Click the link: http://www.cleancomputes.com/Cub/Sk...Tank/Rudi's Electrolysis Tank_files/frame.htm

Working now on completing the other presentation that I should have had done 4 months ago.. stay tuned.


----------



## jodyand (Sep 16, 2003)

Nice job Rudi i know you will get lots of use from it and like alway a very informative how you did it site. Keep up the good work always glad to see your ideas.


----------



## spook291 (Oct 26, 2003)

Jody:

Thanks, always got something buzzin around me brain!

And seeing as I didn't have a lot to do tonight - it is gettin chilly what with all the hurricane type weather that has been gettin sent north - I got the other presentation finished and uploaded as well.
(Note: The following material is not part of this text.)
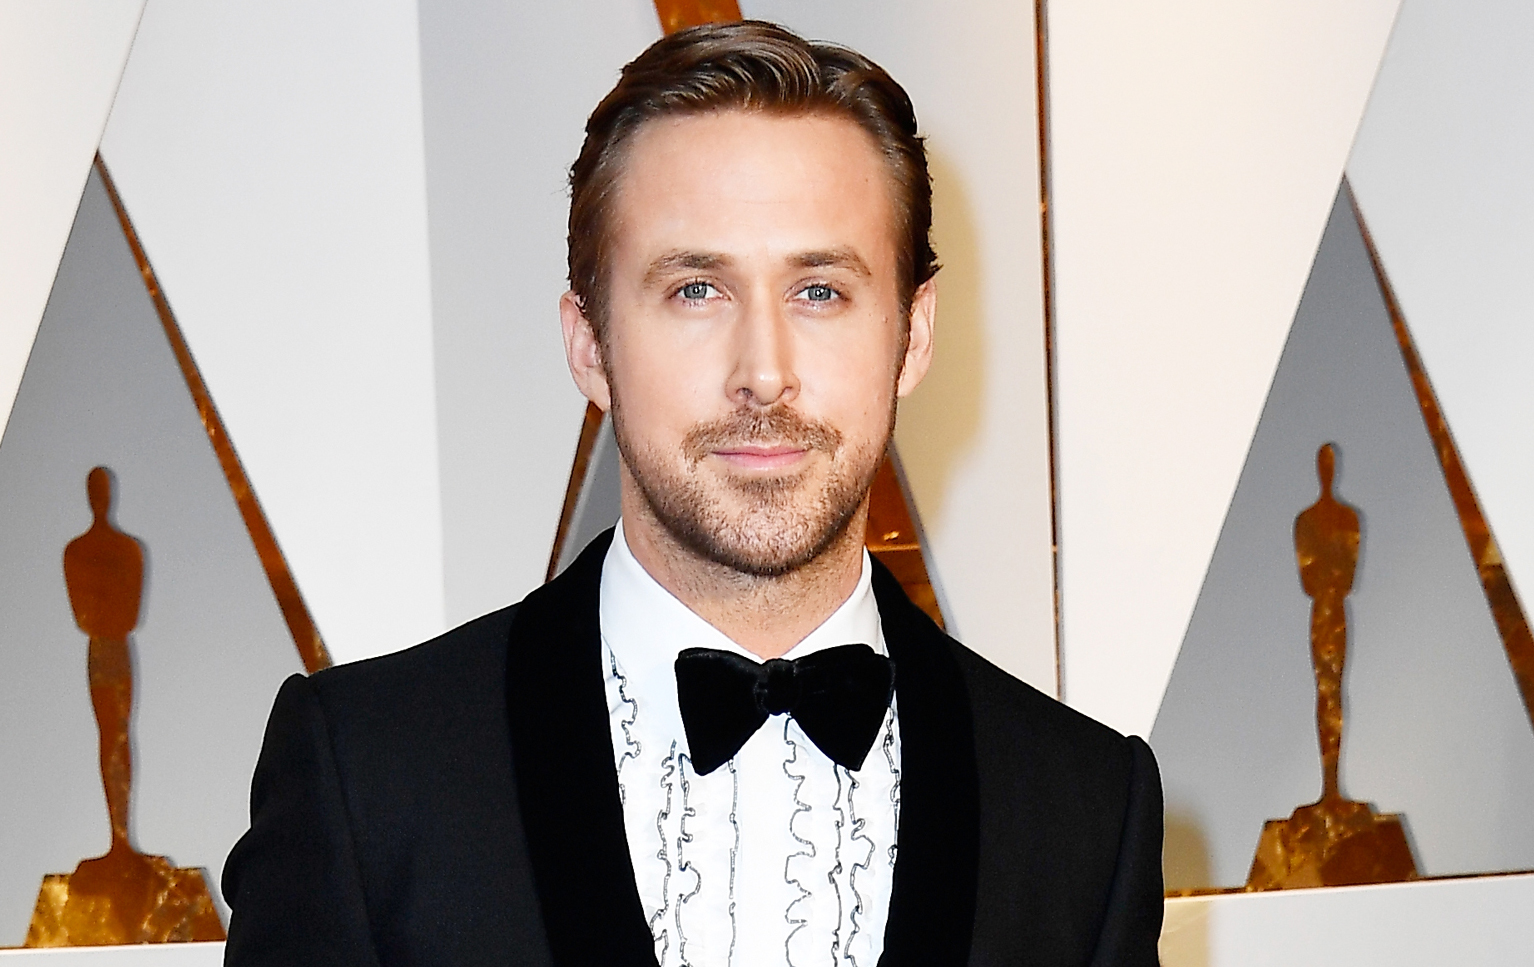 The Enigmatic Ryan Gosling At The Oscars: Inside His Award-Winning Style And Charisma On The Red Carpet

Here it is for what it is worth.

http://www.cleancomputes.com/Cub/Sk... Jigs/Sandblaster/Sandblaster_files/frame.htm


----------



## Elky (Aug 14, 2004)

*not getting the sandblaster pics.*

I"m not getting the pics. the writing is all tha is comming up? Thought i"d let ya know cause i"m curious what it looks like,Elky


----------



## jodyand (Sep 16, 2003)

Elky
The first link the pictures came up kinda quick the second link it took awhile for them to come up. Give it a little time and they will show up.


----------



## MowHoward2210 (Nov 2, 2003)

Interesting projects, spook291, and great work! Thanks for posting the presentation.:thumbsup: 

Elky: What OS and browser are you using? I had to switch my browser to Internet Explorer to see the presentation.


----------



## memmurphy (Sep 18, 2003)

Great how to Spook! Gives me some ideas that I too would like to build someday. Thanks! :thumbsup: 

I did find Mozilla Firefox would not display it other than the scroll bars. Probably need a plug-in or something. Like Mow, I switched to IE and worked fine. The sandblaster pictures were a larger file size and took quit a bit longer to load on my slow connection.

Mark


----------



## spook291 (Oct 26, 2003)

Guys:

I know the sandblaster project takes longer to load, but reducing the size of the pics will really screw up the quality, so I chose not to. I do apologize to those who are on dial-up.

Glad ya liked em!

Got a few more burnin up me brain. Also, just aquired a neat implement to go with me Cubs... pics in a couple days.


----------



## memmurphy (Sep 18, 2003)

No problem Spook. I had to make the quality or speed decision on the show pictures I posted and chose quality over speed too. Will be waiting for the new pics.  

Mark


----------



## Elky (Aug 14, 2004)

*sandblaster*

I finally got the pictures,it looks alot like the one i made last year using a gas barbeque frame + wheels,for the holding tank i used a 5 gallon water cooler bottle up side down.I"ll post a pict. of it as soon as i figure out how or mamma gets home.By the way yours looks good and the price was right,good-going,Elky


----------



## parts man (Sep 24, 2003)

Elky, the link is to a picture posting tutorial on the site here.
http://www.tractorforum.com/forums/showthread.php?s=&threadid=3101

Rudi, excellent job as always!!:thumbsup:


----------